AKIの定義・ステージ(KDIGO)を日本語で確認でき、教育資料として使いやすい。

KDIGO AKIガイドライン(日本語版)

急性腎障害 症状 原因 腎前性 と 腎性 と 腎後性

AKIの原因は大きく腎前性(循環血液量低下など)、腎性(腎実質障害)、腎後性(尿路閉塞)に分けて考えると、症状・所見の解釈と初期対応が整理しやすくなります。

腎前性では脱水や出血、下痢・嘔吐、利尿薬などが背景になり、身体所見は「むくみ」より「脱水」を示すことが多い、という逆説が臨床の落とし穴です。

腎性では薬剤性腎障害なども含まれ、採血で高カリウム血症や代謝性アシドーシスが進むと症状が急変し得るため、原因薬剤や併用薬の棚卸しが重要になります。

腎後性は「出ない(排尿できない)」が全てではなく、排尿があっても高度の閉塞があり得るため、残尿評価や腎エコーの優先度を高く置きます。

📌原因推定に役立つ観察(入れ子にしない要点)

  • 腎前性を示唆:下痢・嘔吐、発汗、利尿薬、出血、血圧低下。
  • 腎性を示唆:新規薬剤開始後の経過、感染後、膠原病背景など(病歴が鍵)。
  • 腎後性を示唆:下腹部膨満、排尿困難、前立腺疾患既往、残尿増加。

急性腎障害 症状 独自視点 乏尿単独 と リスク

検索上位の解説では「Cr上昇」が中心になりがちですが、独自視点として強調したいのは“乏尿単独”が軽視できない点です。
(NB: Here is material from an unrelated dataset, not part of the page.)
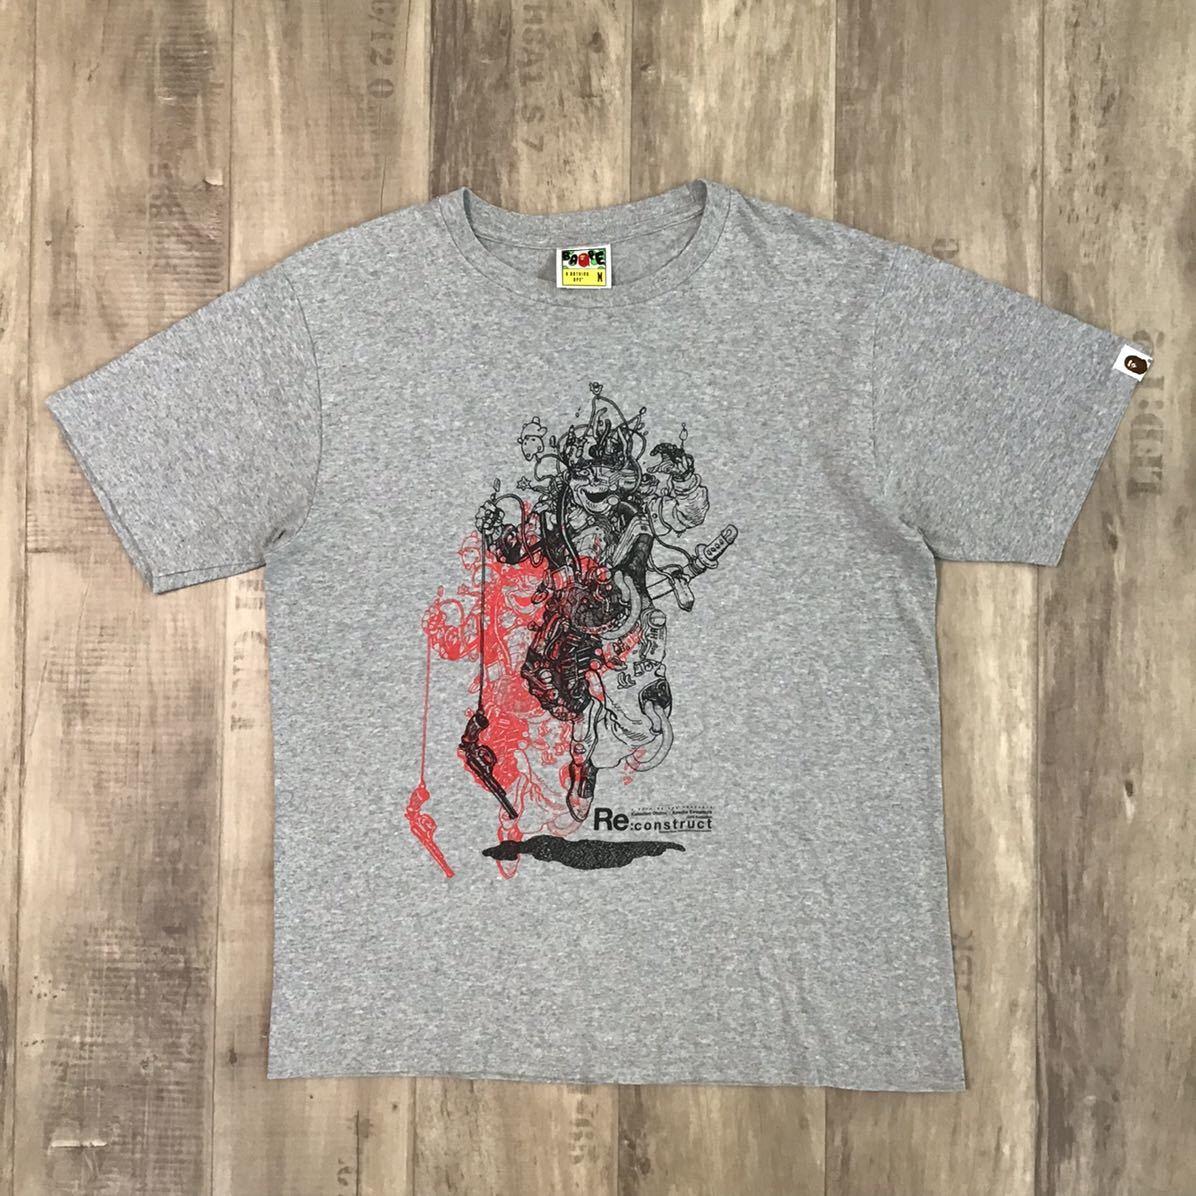 ★激レア★ 大友克洋 BAPE gallery Re:construct 童夢 Tシャツ Mサイズ a bathing ape エイプ ベイプ アベイシングエイプ kyoto limited 5b

日本腎臓学会のAKIガイドライン資料では、KDIGOのCr基準と尿量基準をともに満たす患者が最も予後不良である一方、Cr基準を満たさない乏尿単独でも長期的な死亡や腎代替療法(RRT)導入リスクと関連しうることが示されています。

つまり「Crがまだ上がっていないから様子見」ではなく、尿量の時間軸(何時間続くか)と臨床状況(敗血症、術後、造影後など)を合わせて、早期の介入余地を検討するほうが安全です。

現場では、体液量の過不足の修正(輸液・利尿薬の適正化)、原因薬の中止、閉塞解除、感染源コントロールなど“原因に直結する介入”ほど効果が出やすい一方、遅れるほど取り返しがつきにくくなります。

🔍見逃しにくくする運用の工夫

  • 「尿量が6時間で減った」時点でAKIアラート:KDIGOの尿量基準に沿う。
  • 「乏尿+敗血症疑い」は別枠で扱う:敗血症が背景に多いことが示される資料もある。
  • 「腎後性の除外」をテンプレ化:残尿・エコーを初動に組み込む。